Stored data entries
###

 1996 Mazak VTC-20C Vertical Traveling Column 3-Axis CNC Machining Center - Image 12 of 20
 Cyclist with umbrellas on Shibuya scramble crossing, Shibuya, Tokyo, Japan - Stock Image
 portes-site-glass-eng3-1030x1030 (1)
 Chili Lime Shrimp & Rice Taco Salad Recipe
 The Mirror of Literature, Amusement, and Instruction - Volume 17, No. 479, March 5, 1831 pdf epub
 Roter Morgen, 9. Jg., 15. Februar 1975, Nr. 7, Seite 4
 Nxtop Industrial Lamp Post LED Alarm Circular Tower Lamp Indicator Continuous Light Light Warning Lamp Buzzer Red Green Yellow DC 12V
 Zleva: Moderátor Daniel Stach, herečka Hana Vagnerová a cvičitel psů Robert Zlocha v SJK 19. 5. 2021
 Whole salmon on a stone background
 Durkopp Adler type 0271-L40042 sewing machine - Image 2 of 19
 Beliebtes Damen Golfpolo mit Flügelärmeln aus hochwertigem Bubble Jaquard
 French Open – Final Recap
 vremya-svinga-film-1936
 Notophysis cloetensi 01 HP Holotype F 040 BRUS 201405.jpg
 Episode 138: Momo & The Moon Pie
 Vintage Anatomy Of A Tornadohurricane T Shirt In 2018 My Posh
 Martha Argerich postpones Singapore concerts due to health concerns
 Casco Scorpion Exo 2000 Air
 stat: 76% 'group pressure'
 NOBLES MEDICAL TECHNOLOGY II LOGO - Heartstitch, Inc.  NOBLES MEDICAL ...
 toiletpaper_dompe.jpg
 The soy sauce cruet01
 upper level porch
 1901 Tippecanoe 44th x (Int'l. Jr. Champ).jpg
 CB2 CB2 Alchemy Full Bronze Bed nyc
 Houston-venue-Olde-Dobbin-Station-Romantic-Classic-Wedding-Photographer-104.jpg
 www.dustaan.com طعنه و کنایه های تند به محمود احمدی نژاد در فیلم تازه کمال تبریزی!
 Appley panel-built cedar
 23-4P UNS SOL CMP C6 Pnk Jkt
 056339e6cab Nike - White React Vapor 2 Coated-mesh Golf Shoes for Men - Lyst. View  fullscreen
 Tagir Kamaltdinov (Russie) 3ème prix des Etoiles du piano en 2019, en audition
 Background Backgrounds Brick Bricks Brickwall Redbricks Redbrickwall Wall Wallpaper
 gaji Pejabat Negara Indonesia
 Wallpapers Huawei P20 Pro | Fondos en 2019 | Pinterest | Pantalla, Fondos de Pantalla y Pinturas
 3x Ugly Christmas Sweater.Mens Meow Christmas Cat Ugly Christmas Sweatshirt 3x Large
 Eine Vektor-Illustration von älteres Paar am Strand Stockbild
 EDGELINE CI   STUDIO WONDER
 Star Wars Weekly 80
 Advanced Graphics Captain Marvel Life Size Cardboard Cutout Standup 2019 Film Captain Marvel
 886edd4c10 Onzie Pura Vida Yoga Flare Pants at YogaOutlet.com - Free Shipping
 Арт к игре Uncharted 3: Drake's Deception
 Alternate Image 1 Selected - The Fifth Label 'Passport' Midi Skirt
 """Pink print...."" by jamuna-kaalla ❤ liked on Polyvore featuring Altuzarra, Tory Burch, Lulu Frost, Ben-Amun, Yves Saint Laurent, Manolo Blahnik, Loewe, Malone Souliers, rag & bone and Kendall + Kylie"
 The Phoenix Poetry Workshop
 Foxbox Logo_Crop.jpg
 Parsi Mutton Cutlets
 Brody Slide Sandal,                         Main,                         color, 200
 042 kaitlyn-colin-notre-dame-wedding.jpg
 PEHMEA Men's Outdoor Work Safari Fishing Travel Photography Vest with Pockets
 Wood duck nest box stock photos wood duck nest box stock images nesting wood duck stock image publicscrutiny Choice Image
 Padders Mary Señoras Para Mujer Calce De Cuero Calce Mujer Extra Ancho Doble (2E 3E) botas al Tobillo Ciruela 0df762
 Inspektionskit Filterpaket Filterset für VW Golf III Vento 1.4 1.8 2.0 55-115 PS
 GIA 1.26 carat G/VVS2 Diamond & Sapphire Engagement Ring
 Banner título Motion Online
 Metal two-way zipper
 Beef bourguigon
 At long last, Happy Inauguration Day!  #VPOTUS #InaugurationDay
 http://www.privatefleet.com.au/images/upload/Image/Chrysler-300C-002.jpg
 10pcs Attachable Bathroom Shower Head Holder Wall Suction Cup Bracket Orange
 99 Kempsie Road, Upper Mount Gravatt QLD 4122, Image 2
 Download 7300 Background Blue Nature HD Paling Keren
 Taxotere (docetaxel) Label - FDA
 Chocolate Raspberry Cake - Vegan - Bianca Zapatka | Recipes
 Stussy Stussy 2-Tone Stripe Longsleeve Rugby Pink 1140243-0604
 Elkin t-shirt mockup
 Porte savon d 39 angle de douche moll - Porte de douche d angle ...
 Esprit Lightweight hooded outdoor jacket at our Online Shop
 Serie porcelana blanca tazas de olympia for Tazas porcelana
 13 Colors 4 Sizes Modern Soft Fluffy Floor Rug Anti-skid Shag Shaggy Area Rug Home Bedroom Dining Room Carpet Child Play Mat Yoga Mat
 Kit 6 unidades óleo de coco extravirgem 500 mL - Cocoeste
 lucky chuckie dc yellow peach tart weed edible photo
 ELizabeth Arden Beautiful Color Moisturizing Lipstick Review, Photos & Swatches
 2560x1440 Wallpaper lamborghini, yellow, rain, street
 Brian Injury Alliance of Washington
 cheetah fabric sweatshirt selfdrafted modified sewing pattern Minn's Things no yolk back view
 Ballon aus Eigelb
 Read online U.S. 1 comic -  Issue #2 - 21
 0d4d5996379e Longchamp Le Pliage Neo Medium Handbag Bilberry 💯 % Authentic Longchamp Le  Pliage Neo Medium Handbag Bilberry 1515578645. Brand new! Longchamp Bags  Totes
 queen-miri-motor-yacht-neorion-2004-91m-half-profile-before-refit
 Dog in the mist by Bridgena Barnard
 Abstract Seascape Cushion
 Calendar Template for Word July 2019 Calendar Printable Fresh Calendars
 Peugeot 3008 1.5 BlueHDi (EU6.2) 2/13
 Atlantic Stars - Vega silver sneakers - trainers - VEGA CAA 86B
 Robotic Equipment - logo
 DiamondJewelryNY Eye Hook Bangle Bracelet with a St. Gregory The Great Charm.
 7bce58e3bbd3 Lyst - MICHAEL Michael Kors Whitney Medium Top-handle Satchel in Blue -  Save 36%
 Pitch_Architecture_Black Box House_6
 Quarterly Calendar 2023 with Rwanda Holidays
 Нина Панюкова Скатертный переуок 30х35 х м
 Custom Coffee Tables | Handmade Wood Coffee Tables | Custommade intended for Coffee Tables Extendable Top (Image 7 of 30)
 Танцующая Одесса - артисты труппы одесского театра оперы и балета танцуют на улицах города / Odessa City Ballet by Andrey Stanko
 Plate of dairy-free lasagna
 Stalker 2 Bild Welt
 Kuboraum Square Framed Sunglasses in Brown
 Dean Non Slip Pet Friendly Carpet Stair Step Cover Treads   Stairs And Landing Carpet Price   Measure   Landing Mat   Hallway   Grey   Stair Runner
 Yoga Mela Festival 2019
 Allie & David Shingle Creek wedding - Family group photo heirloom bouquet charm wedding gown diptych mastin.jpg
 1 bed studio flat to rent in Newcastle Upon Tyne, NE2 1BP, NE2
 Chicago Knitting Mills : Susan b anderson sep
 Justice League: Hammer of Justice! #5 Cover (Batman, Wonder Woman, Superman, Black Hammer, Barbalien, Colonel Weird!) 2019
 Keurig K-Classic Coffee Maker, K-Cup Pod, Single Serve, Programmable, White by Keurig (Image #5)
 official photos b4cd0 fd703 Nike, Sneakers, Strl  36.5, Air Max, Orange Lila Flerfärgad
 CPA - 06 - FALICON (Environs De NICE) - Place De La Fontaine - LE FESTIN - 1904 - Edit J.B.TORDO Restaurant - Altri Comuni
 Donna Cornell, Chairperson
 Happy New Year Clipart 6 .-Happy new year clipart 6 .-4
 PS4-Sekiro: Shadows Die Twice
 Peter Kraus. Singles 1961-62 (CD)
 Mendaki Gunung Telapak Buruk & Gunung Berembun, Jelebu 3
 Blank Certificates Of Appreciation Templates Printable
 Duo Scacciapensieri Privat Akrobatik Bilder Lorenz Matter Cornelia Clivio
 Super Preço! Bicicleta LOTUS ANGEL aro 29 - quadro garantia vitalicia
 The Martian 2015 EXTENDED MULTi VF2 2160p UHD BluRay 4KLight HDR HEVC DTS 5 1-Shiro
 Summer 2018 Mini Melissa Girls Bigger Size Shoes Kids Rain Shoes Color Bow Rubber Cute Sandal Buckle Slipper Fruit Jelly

###

▶ **Task requirements**
Using only the entries above, output the line with "Advanced Graphics Captain", the line with "Wood duck nest box stock photos", and all lines between them, exactly as they stand.

▶ **Answer section**
 Advanced Graphics Captain Marvel Life Size Cardboard Cutout Standup 2019 Film Captain Marvel
 886edd4c10 Onzie Pura Vida Yoga Flare Pants at YogaOutlet.com - Free Shipping
 Арт к игре Uncharted 3: Drake's Deception
 Alternate Image 1 Selected - The Fifth Label 'Passport' Midi Skirt
 """Pink print...."" by jamuna-kaalla ❤ liked on Polyvore featuring Altuzarra, Tory Burch, Lulu Frost, Ben-Amun, Yves Saint Laurent, Manolo Blahnik, Loewe, Malone Souliers, rag & bone and Kendall + Kylie"
 The Phoenix Poetry Workshop
 Foxbox Logo_Crop.jpg
 Parsi Mutton Cutlets
 Brody Slide Sandal,                         Main,                         color, 200
 042 kaitlyn-colin-notre-dame-wedding.jpg
 PEHMEA Men's Outdoor Work Safari Fishing Travel Photography Vest with Pockets
 Wood duck nest box stock photos wood duck nest box stock images nesting wood duck stock image publicscrutiny Choice Image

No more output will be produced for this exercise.